Although this had certainly helped a little, we were still being bombed with traffic from thousands of B-class networks, and iptables wasn’t coping well. We were seeing high CPU usage in kernel processes, and network traffic was moving at snail’s pace.
I started looking into the iptables scalability issue, and discovered that when rules are added the whole ruleset is copied into userspace, modified, then copied back to kernelspace. No wonder it can be quick to restore an existing ruleset, but slow to add new rules one by one. Along the way I also discovered ipset, which promised to be a more scalable solution for blocking large numbers of hosts. When I get the chance I’d look to do some more research on ipset: how it stores data, how it improves over iptables etc. Perhaps I’ll even write it up in a blog post, but for the moment if you want to learn more take a look here: http://daemonkeeper.net/781/mass-blocking-ip-addresses-with-ipset/.

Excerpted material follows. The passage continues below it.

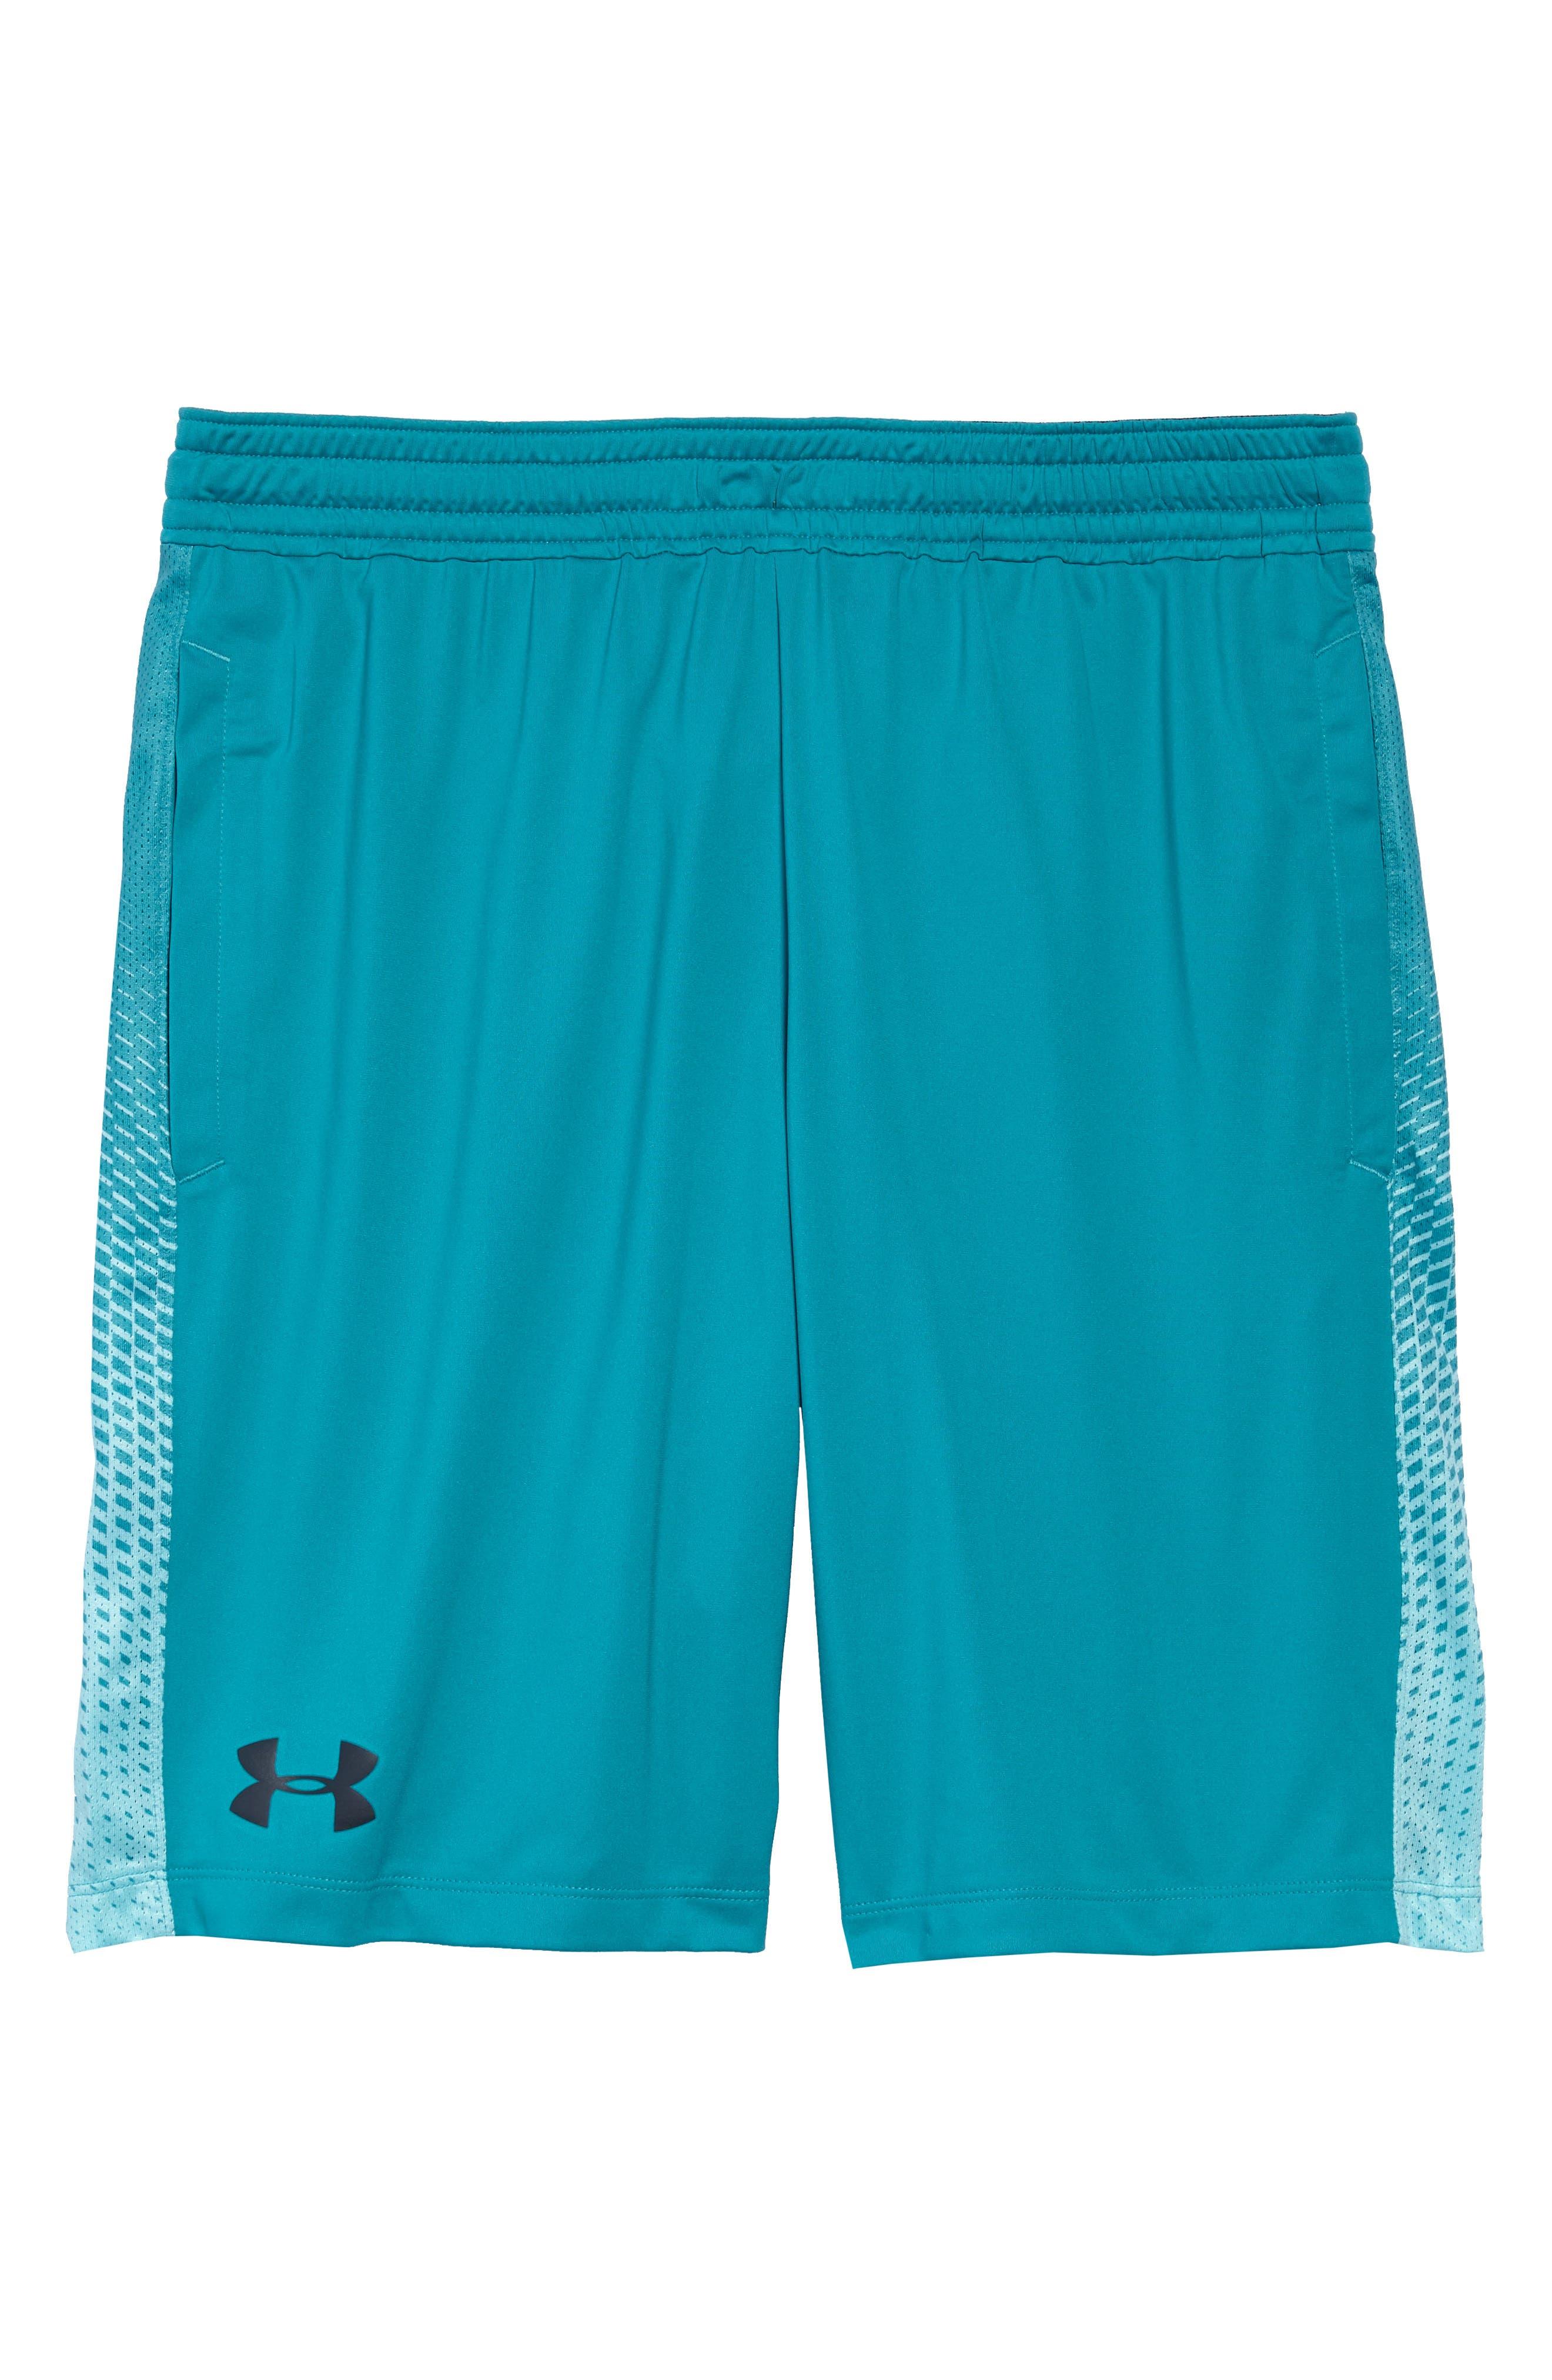 Mk1 Inset Fade Shorts,                             Alternate thumbnail 6, color,                             SWALLOWTAIL / TIDE / GREY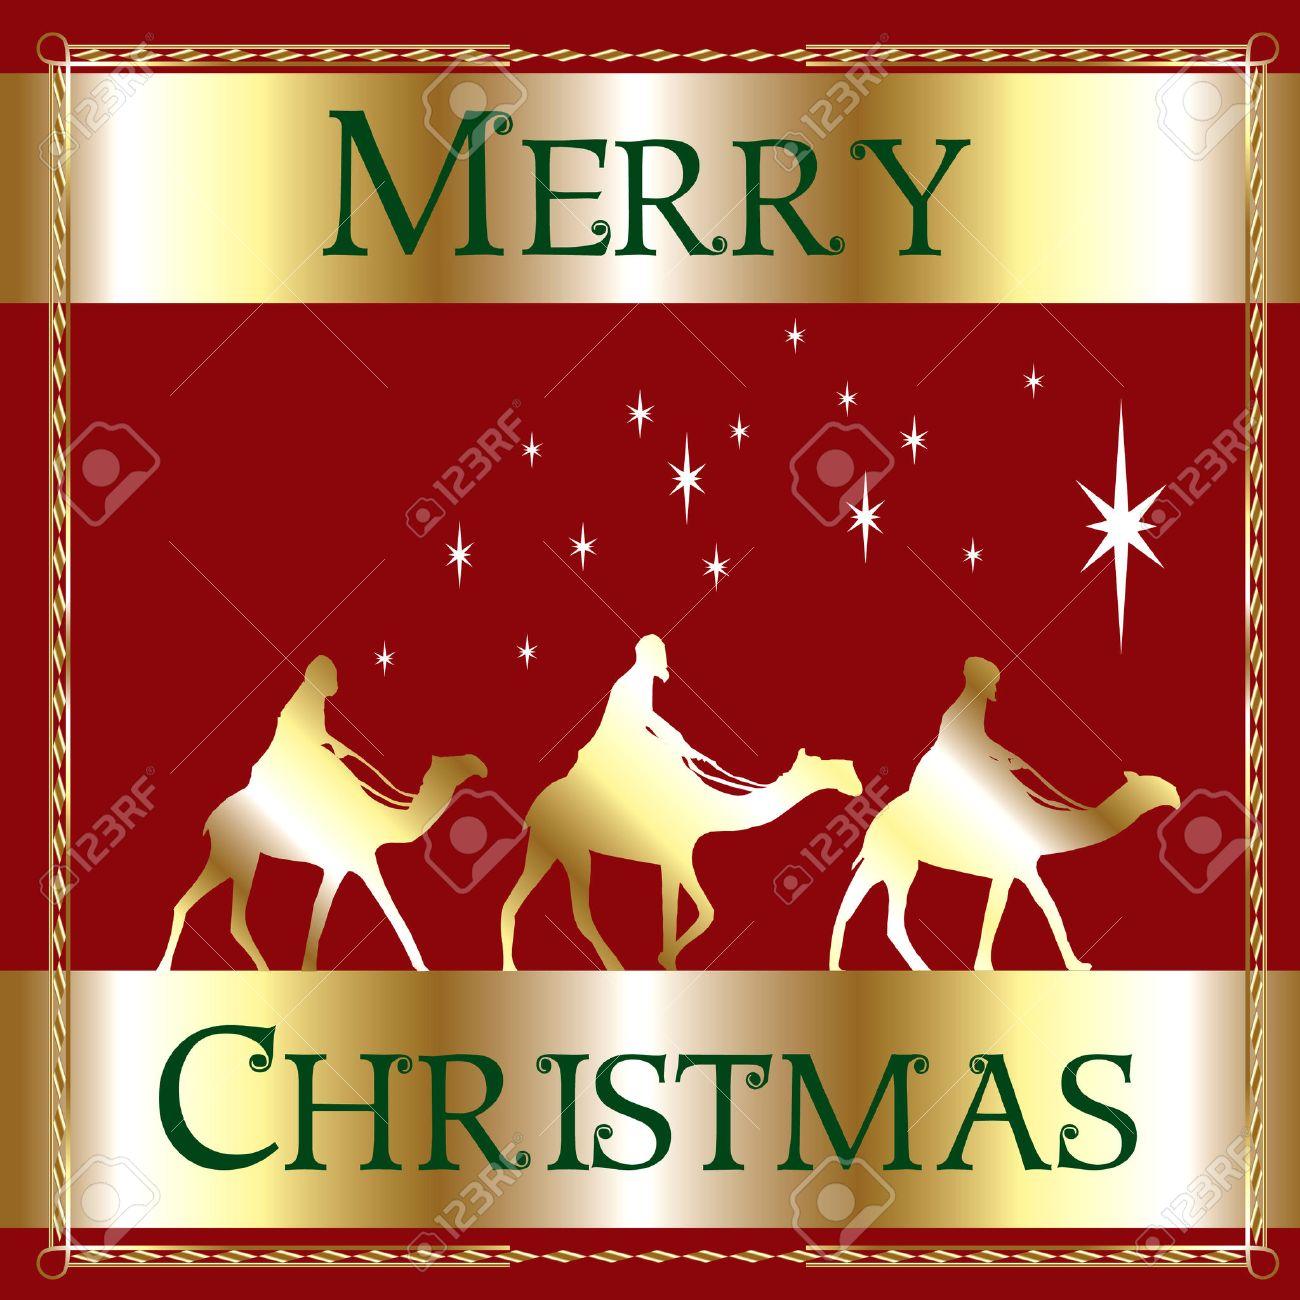 Merry Christmas Religious.A Merry Christmas Wisemen

Ipset performed really well, but only solved half the problem. Yes, we no longer had high server load and sluggish networking because of iptables, but we were still being overwhelmed with traffic clogging up Apache connection slots. Even though we were now automatically firewalling off any request from MSIE 6.0 Windows NT 5.1 UserAgent, the number of unique hosts was staggering. By this point we had counted over 250,000.
In the end we moved the site to CloudFare, who are now bearing the brunt of the attack. Sorry to disappoint; you were probably hoping that this post would conclude with a brilliantly cunning technique that we’d come up with to fend off the attack, and everyone lived happily ever after. On this occasion, they didn’t.